While I was testing the game out to ensure everything was scaling properly and the PlayerPrefs worked in the WebGL build (as I was assured they would) I ran across a problem. I didn't notice it at first but the spell VFX that I had put in weren't showing up in the web build. I tried all of the spells and even watched the Glimmerstalker pop into and out of existence. No spell VFX, no snow puff, nothing!
Apparently, WebGL doesn't support Unity's VFX Graph, since they use compute shaders and run on the GPU. While WebGL doesn't support it, WebGPU does but Unity 6.0 doesn't support WebGPU. However, Unity 6.1 (experimentally) supports WebGPU.
I didn't know that VFX Graph wasn't supported when I built the VFX or I would have avoided the VFX Graph altogether for this project. I felt like I had two options: Rebuild all of the VFX in the older Particle System or upgrade our project to use Unity 6.1 and enable an experimental feature to make it work.
I was hesitant to upgrade the project this close to the deadline, since I don't know if things would behave differently in 6.0 vs 6.1. It isn't a big version leap but still. I also didn't know if that experimental feature would actually work for us. Talking with Terra, she brought up that there could be other issues that we encounter and if we did we would have wasted a bunch of time upgrading the project and still probably would have needed to rebuild the VFX in the Particle System.
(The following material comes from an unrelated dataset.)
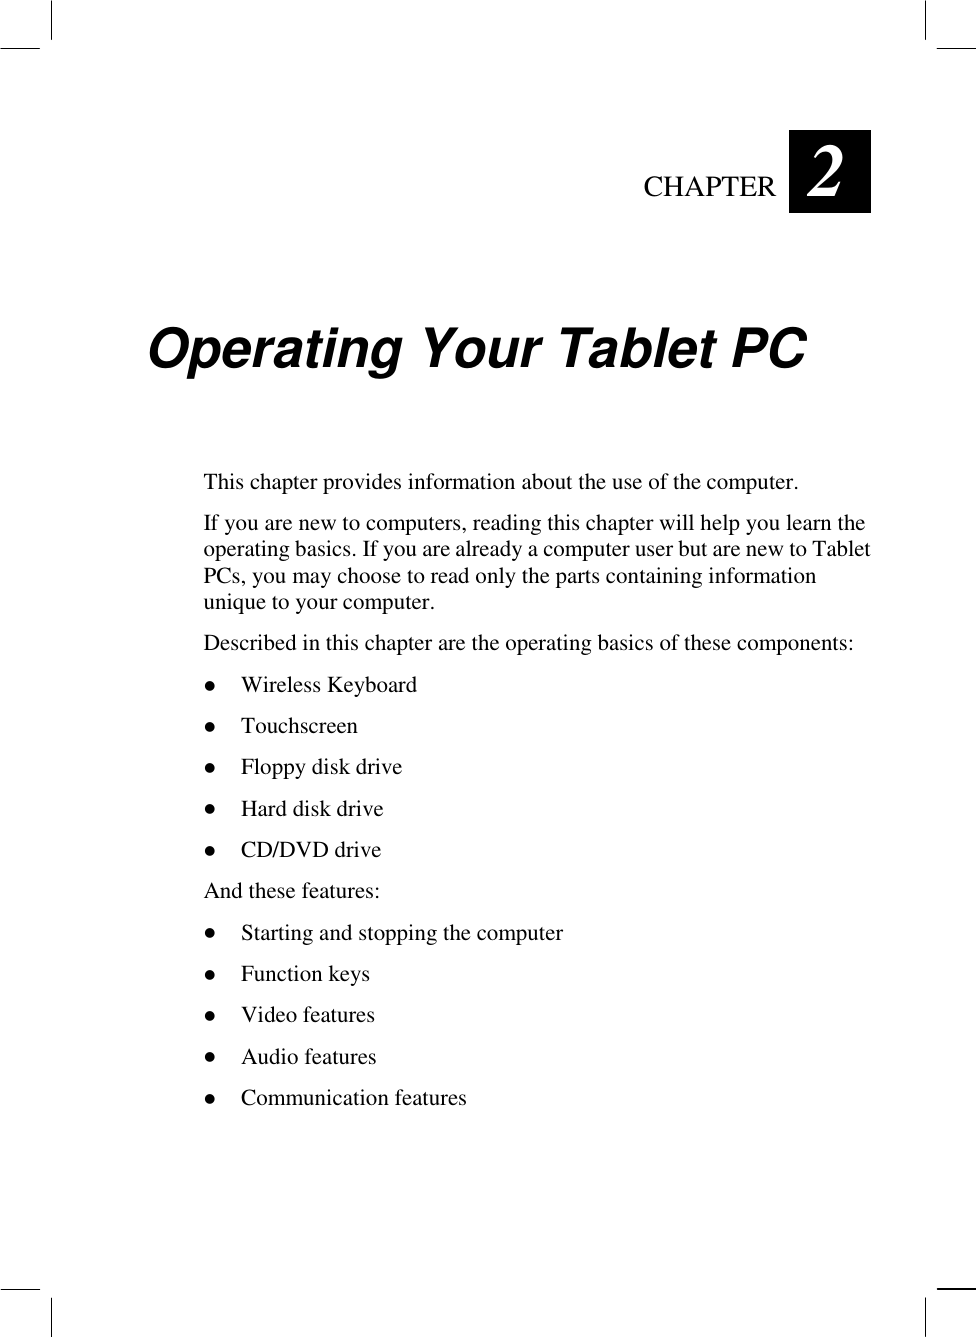   CHAPTER  2 Operating Your Tablet PC This chapter provides information about the use of the computer. If you are new to computers, reading this chapter will help you learn the operating basics. If you are already a computer user but are new to Tablet PCs, you may choose to read only the parts containing information unique to your computer. Described in this chapter are the operating basics of these components: !  Wireless Keyboard !  Touchscreen !  Floppy disk drive !  Hard disk drive !  CD/DVD drive And these features: !  Starting and stopping the computer !  Function keys !  Video features !  Audio features !  Communication features

The unknowns, combined with a generally lack of support for WebGPU on older browsers, led me to pursue the first option of just rebuilding everything. This process was decently simple. Most of the fields I used in the VFX Graph were present in the Particle System or at least close enough. Luckily, I had kept the VFX pretty simple and it only took a couple of hours to get them both remade.
In some ways they look better than the others (like the spell VFX actually follow the player instead of flying off if they are moving) and others look worse (like the snow puff being a bit more solid/homogenous than the previous one). Overall, they are good enough!

Now, I just need to catch up with the team to see what still needs to be done!